Elijah Wood hints at big "Hobbit" show for Comic-Con

LOS ANGELES Wed Jul 11, 2012 4:12am IST

Elijah Wood, star of 'Wilfred' arrives at the FX Network series premiere of 'Wilfred' and season two launch of 'Louie' in Hollywood, California June 20, 2011. REUTERS/Fred Prouser

Elijah Wood, star of 'Wilfred' arrives at the FX Network series premiere of 'Wilfred' and season two launch of 'Louie' in Hollywood, California June 20, 2011.

Credit: Reuters/Fred Prouser

LOS ANGELES (Reuters) - Comic-Con International rolls into San Diego this week for its annual pop culture convention, and high on the list of must-see events is film footage of what actor Elijah Wood promises is a bigger "Hobbit" than fans can imagine.

Comic-Con, which kicks off on Thursday and is expected to attract more than 125,000 people, is the biggest event of the year for many fans of comic book superheroes and science-fiction lovers. And TV networks and Hollywood's major studios stage elaborate promotions to showcase upcoming films and programs.

Actors Robert Pattinson, Kristen Stewart and Taylor Lautner will put on their vampire fangs and werewolf claws for the last time to discuss "The Twilight Saga: Breaking Dawn - Part 2." Hollywood veterans Sylvester Stallone and Arnold Schwarzenegger will be on hand to promote "The Expendables 2."

Perhaps the greatest sense of anticipation this year is reserved for "The Hobbit," a Warner Bros. film based on the novel by J.R.R. Tolkien that follows the trilogy of blockbuster films based on his "Lord of the Rings" book series.

Wood, who catapulted to fame with his role as Frodo Baggins in the "Rings" trilogy and has reprised his character for "The Hobbit," will be back at Comic-Con this year, a decade after he accompanied director Peter Jackson to promote the first film.

"The scale of "The Hobbit" is larger, the anticipation is potentially greater, everything feels a little bit bigger," Wood told Reuters about the movie, which hits theaters in December. "For so long, people didn't think there would be a 'Hobbit' film, so the fact that there is finally, people have been anticipating this for a long time."

So far, details about "The Hobbit" have been kept under wraps with only one trailer released last December, but the studio will finally show extended film clips and Jackson himself is expected to turn out to meet fans and answer questions.

Other films holding panels will include "Total Recall," "Resident Evil: Retribution," "Looper," "Elysium," "Django Unchained" and "Iron Man 3."

PARENTS, KIDS AND THE WEB

Comic-Con is now in its 43rd year, and recent editions have become sold-out events that bring an estimated $75 million to the city, according to San Diego Convention Center. Attendees dress up as characters from movies, TV shows, science-fiction books, comics and graphic novels, and over the years, events have spilled outside the city's convention center.

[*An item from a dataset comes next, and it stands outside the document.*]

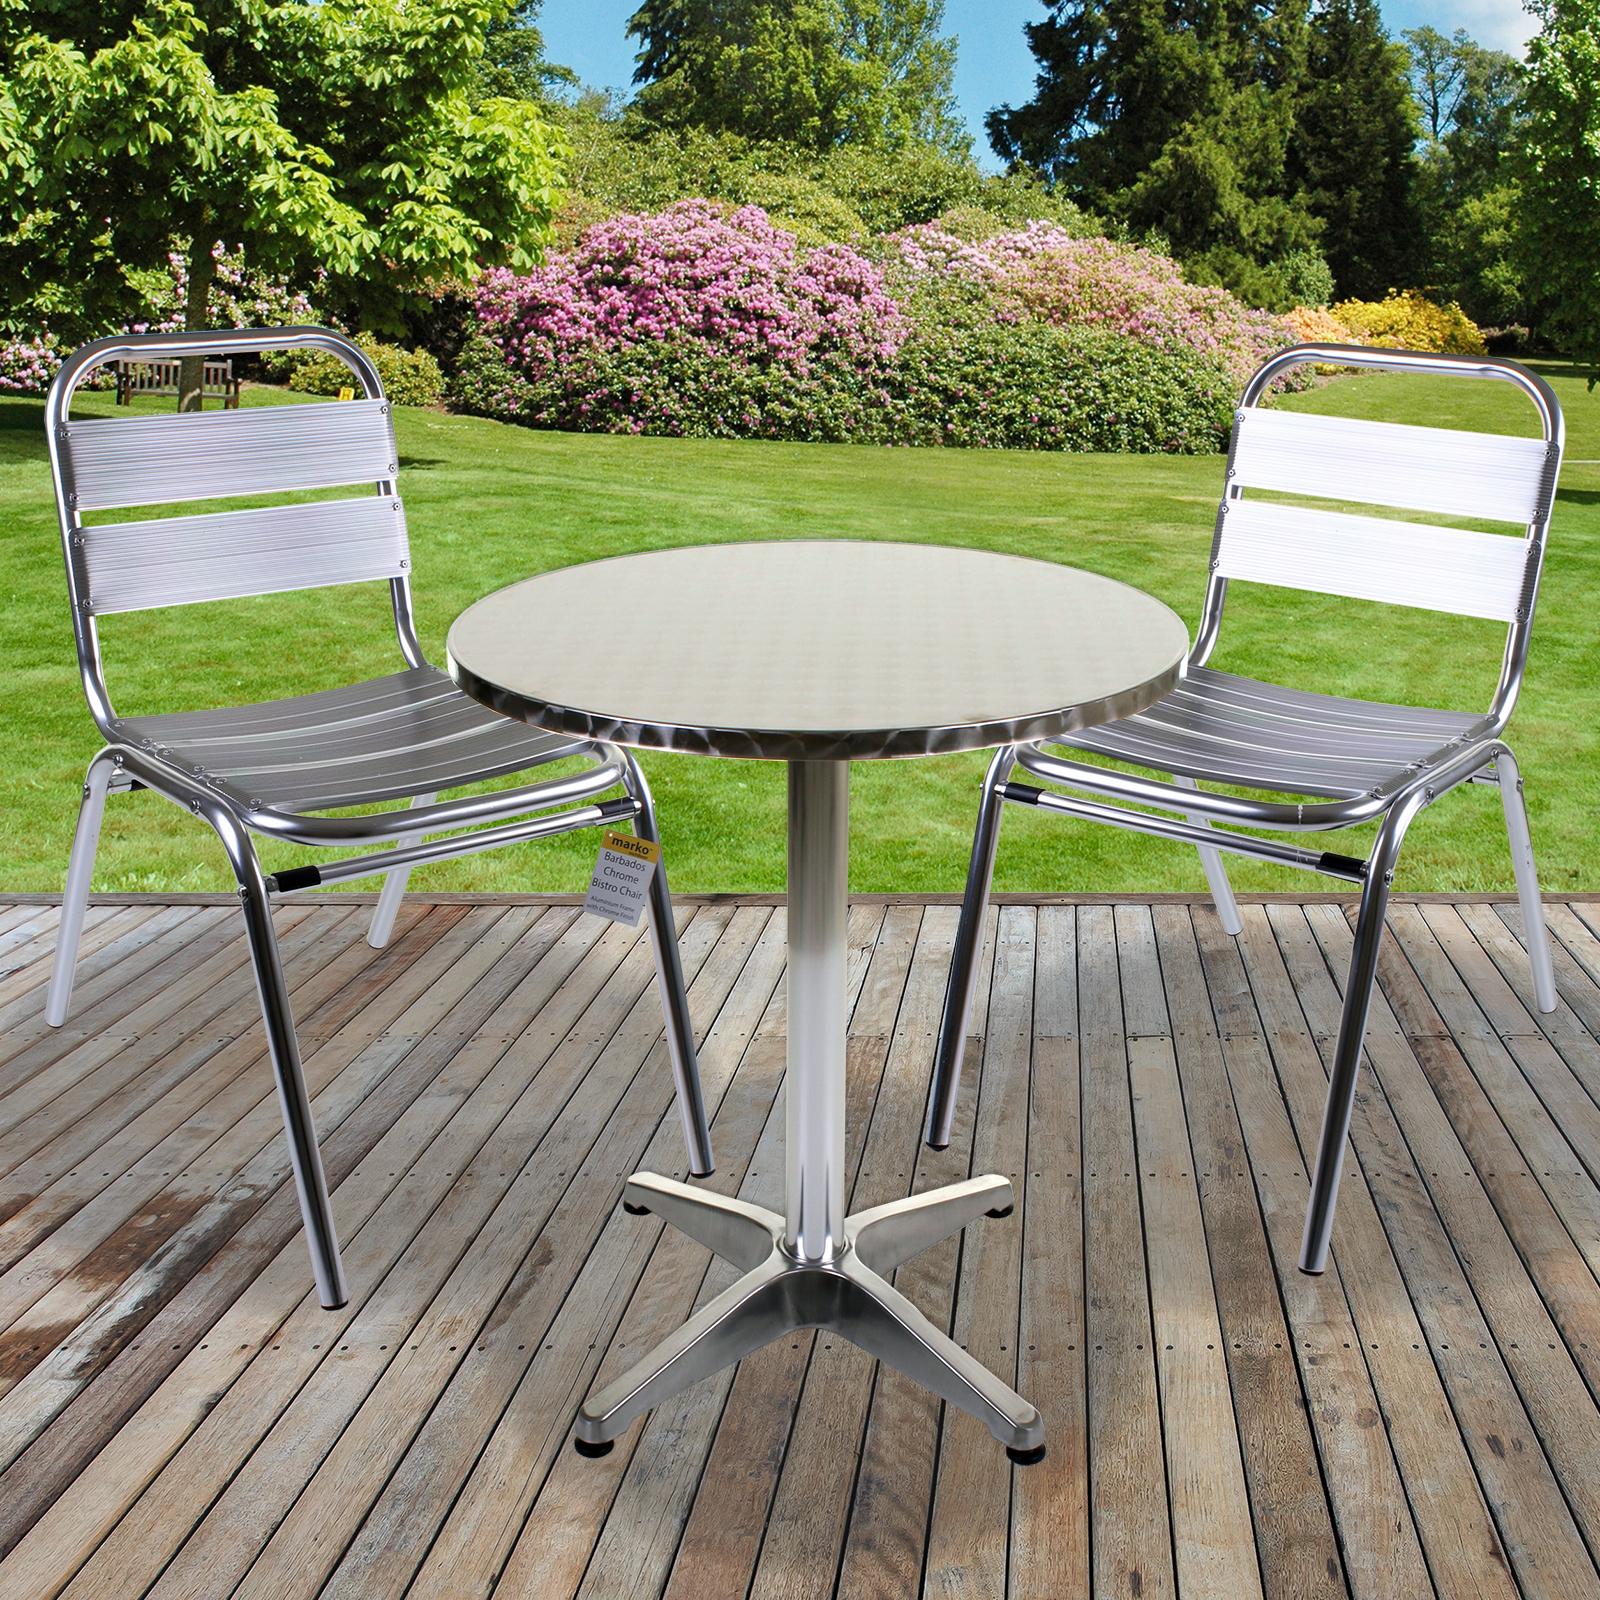 3PC Bistro Set Aluminium Lightweight Chrome Outdoor Garden Patio Furniture Metal

This year, TV's Cartoon Network will be taking over The New Children's Museum to host fun events for kids. The makers of animated film "ParaNorman," about a boy who can converse with the dead, will show film clips and host a panel with cast members Anna Kendrick and Christopher Mintz-Plasse.

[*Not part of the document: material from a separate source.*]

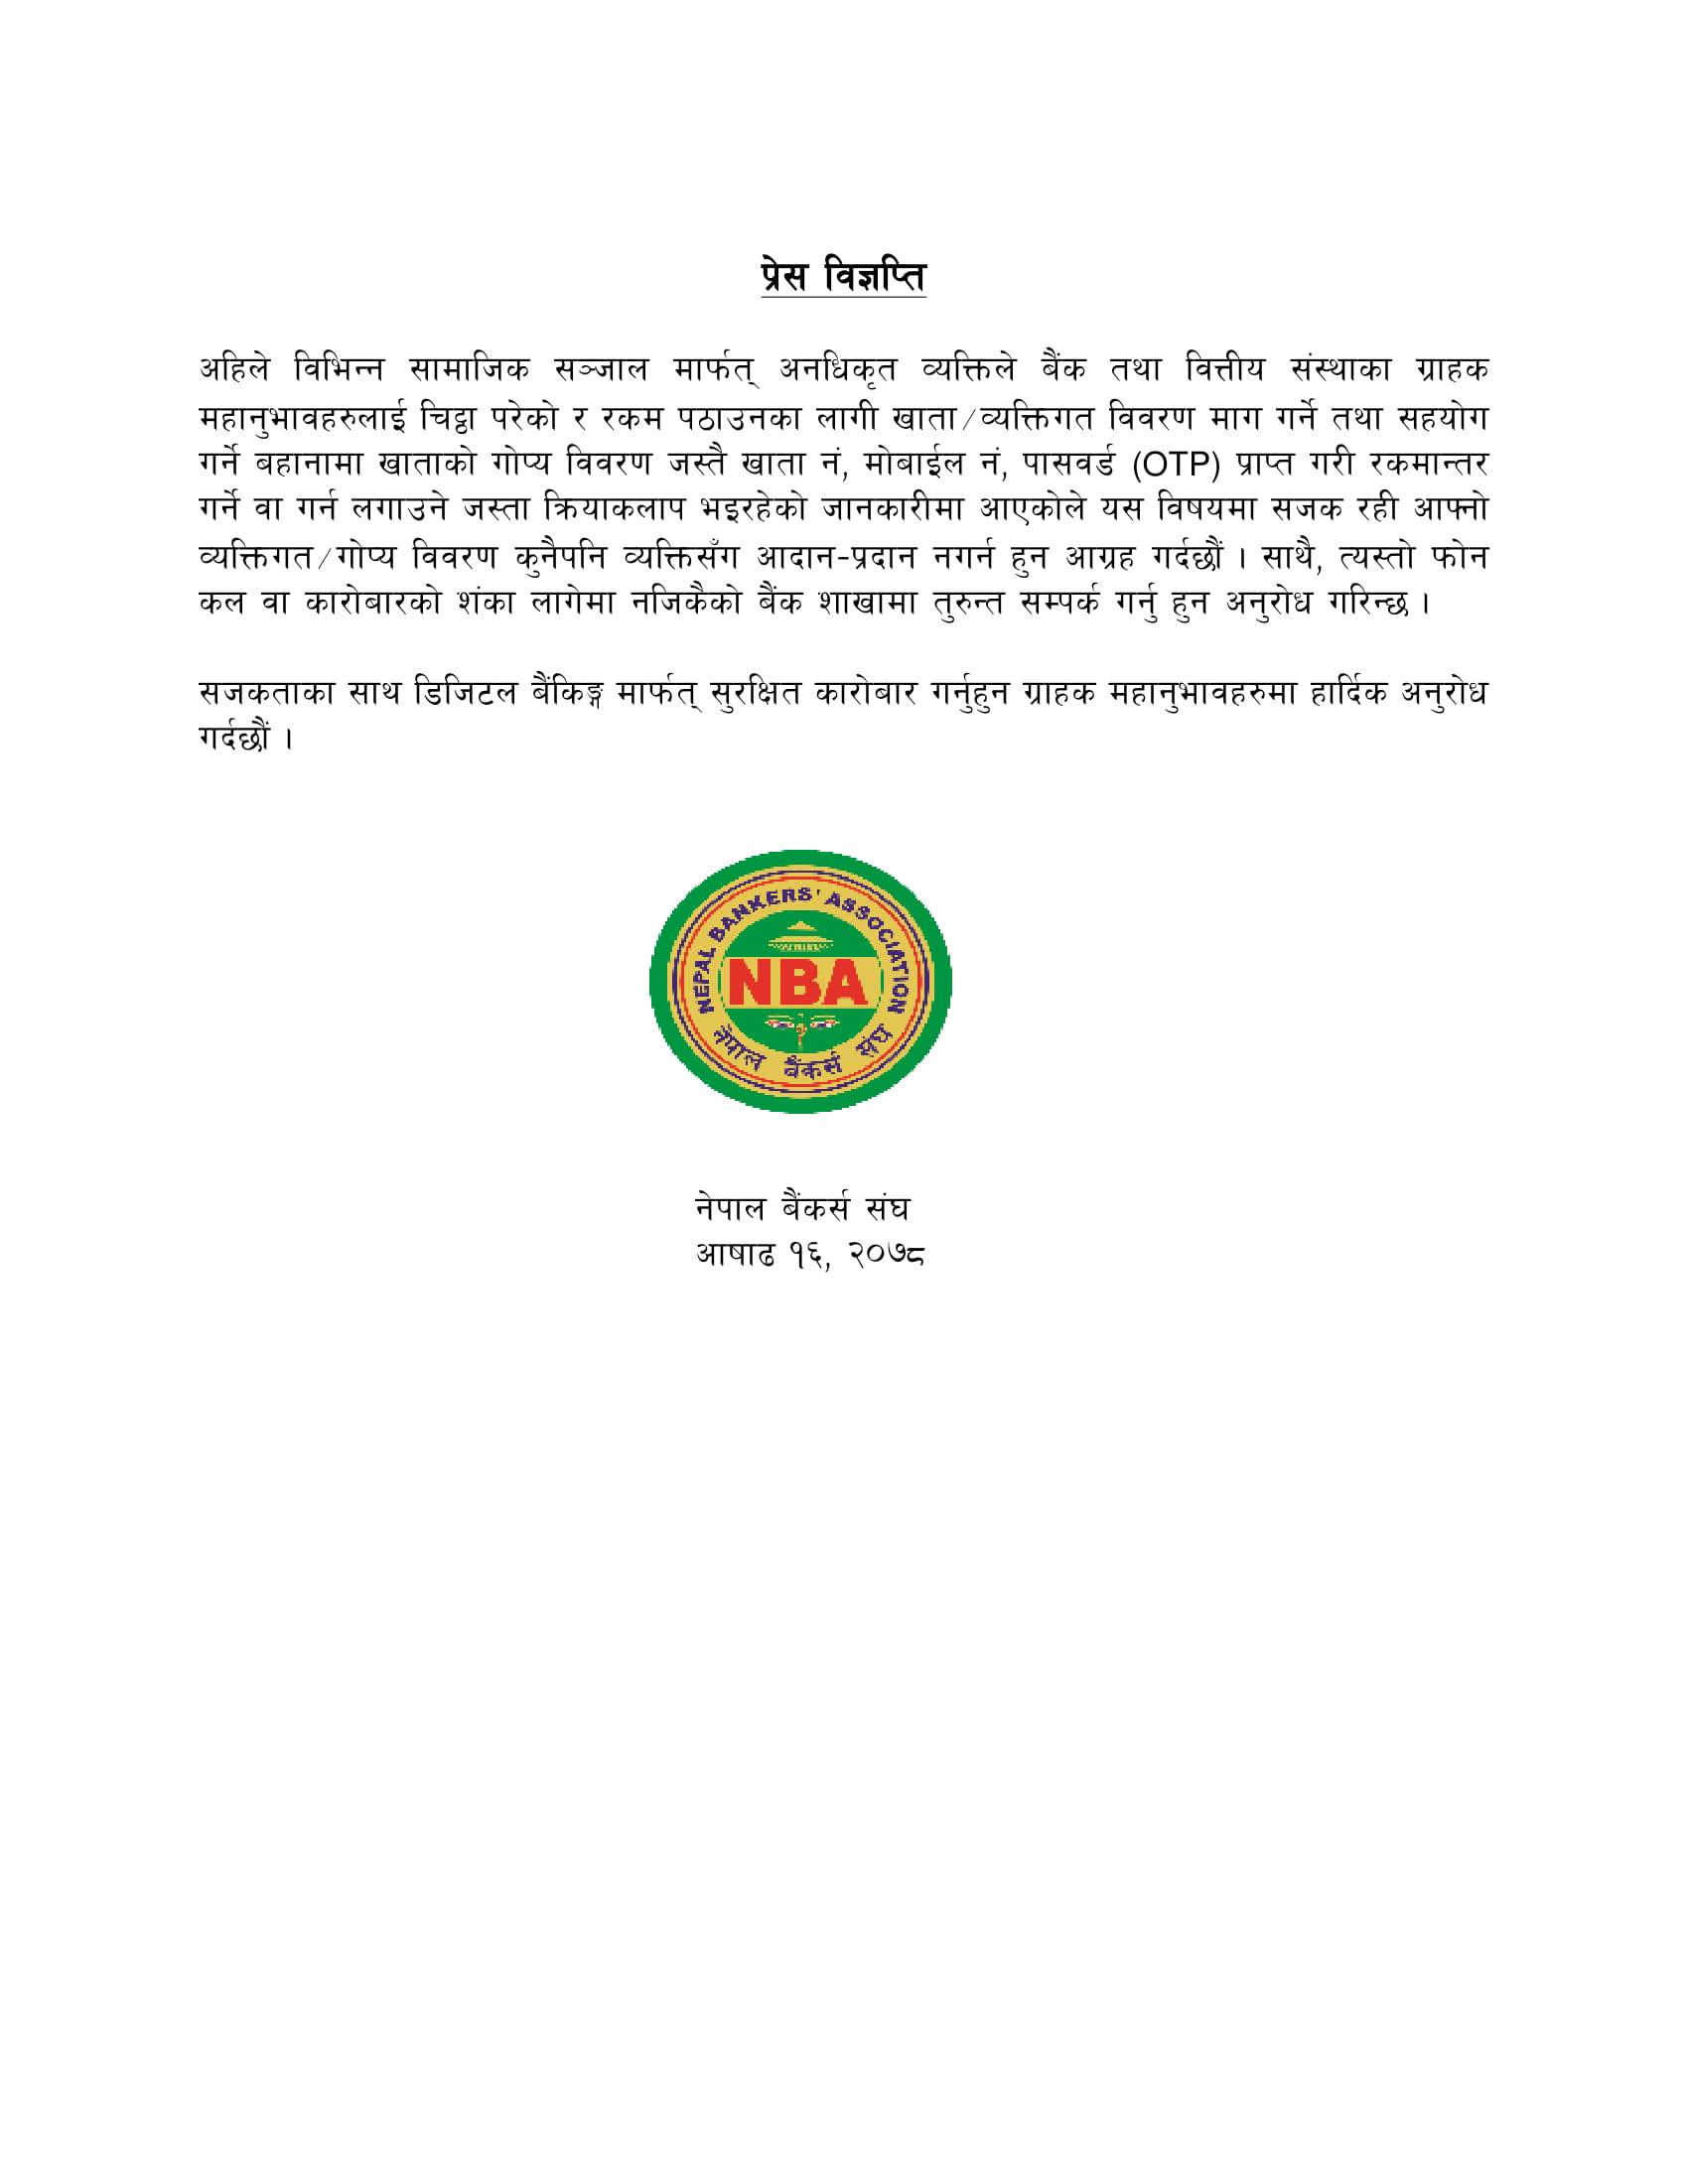 Press Release 16 Ashad, 2078

Although the film is aimed at children, directors Chris Butler and Sam Fell said they were expecting a varied audience.

"Fanboys have kids now, and the convention has become more mainstream because generations are growing up with it," Fell said. "This movie has mainstream appeal ... but it comes from the love of the fringe exploitation of pop culture, and we're playing to the home audience."

While much of 2012's event will be similar to previous years, one new wrinkle is the growing number of Internet series being promoted here, and another "Lord of the Rings" actor, Dominic Monaghan, is back to support his latest Web venture.

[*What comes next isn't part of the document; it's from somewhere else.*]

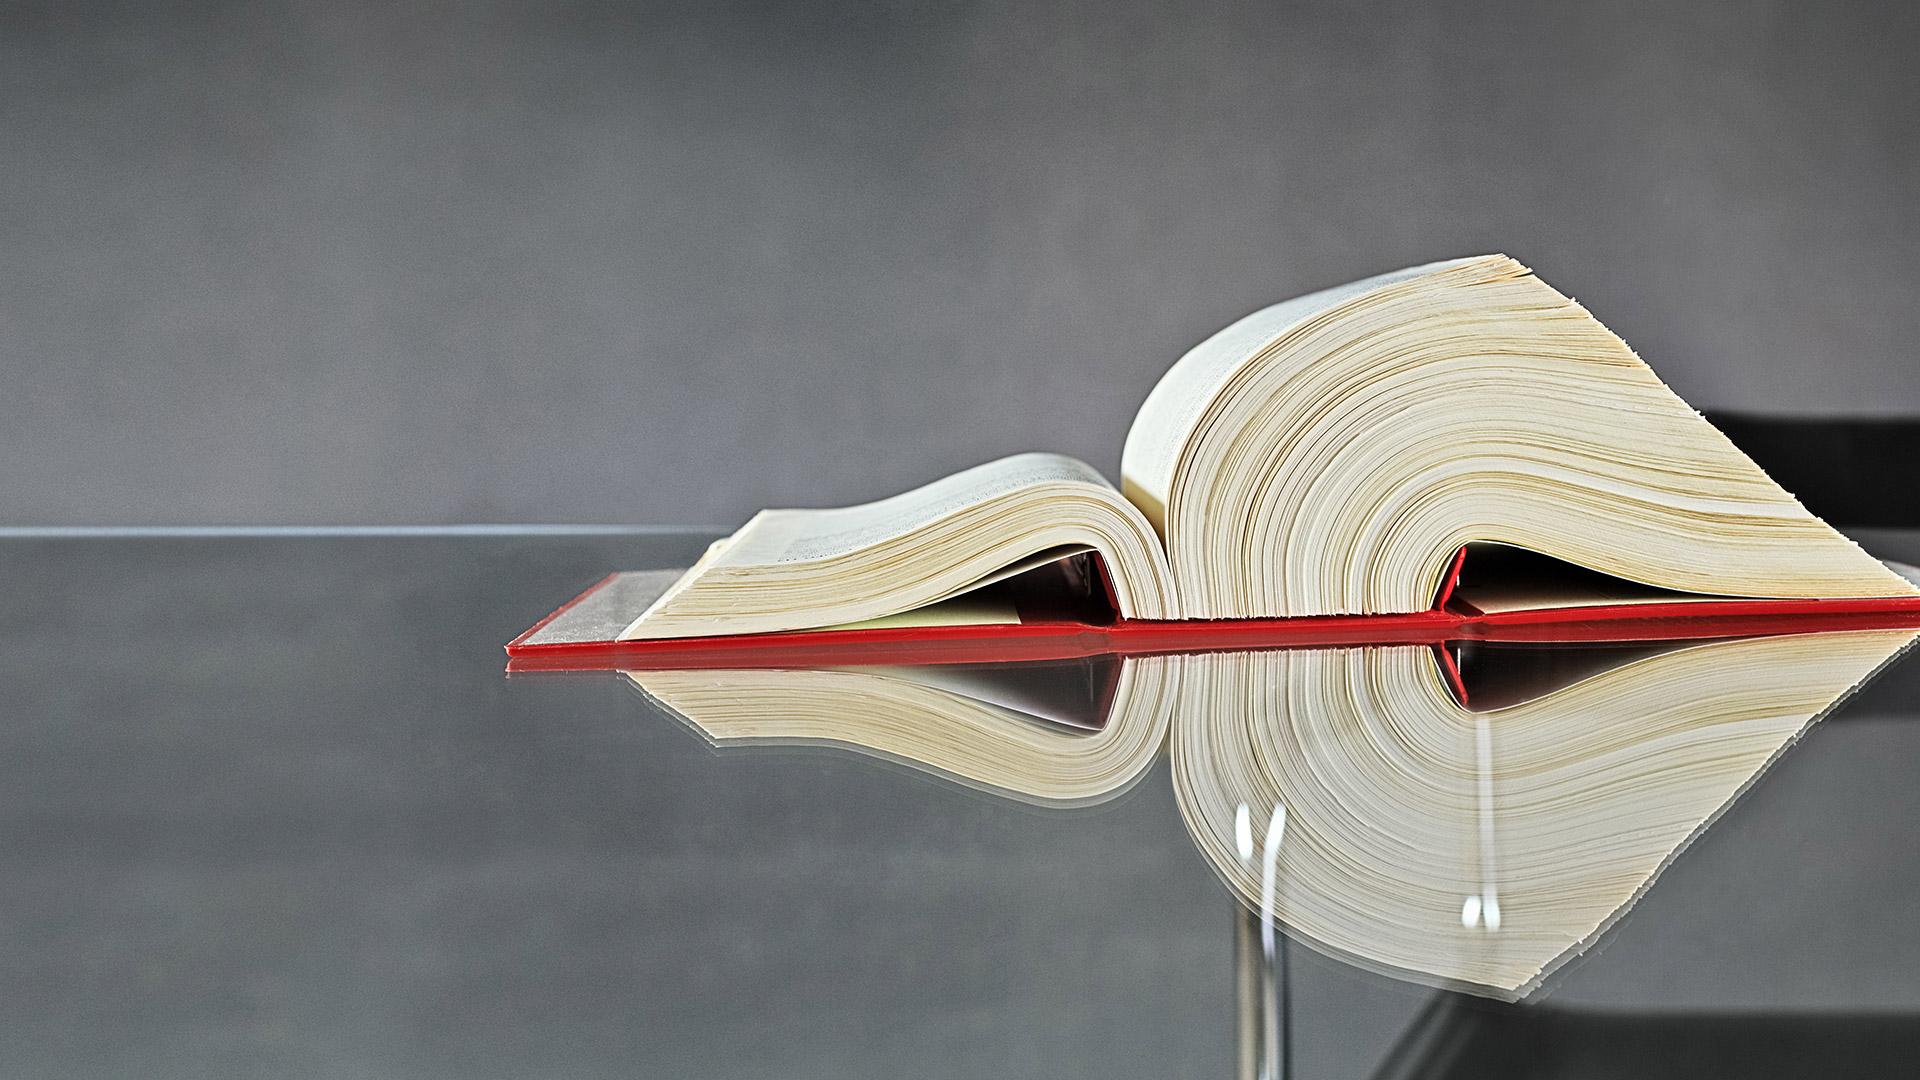 Large book on glass desk

Crackle.com, which is backed by Sony Pictures Entertainment, will premiere "The Unknown" on Friday, a six-part web series in which Monaghan plays a blogger attempting to uncover and solve supernatural and unexplained cases.

He said the series' makers decided to launch at Comic-Con because it attracts hard-core sci-fi fans who then go out and tell their friends what's new and upcoming.

"We've really started to change the way we watch all types of media - films and television especially," Monaghan said. "If you don't support that groundswell at the start, then it's going to be difficult pretending you've supported it all along when it becomes something established."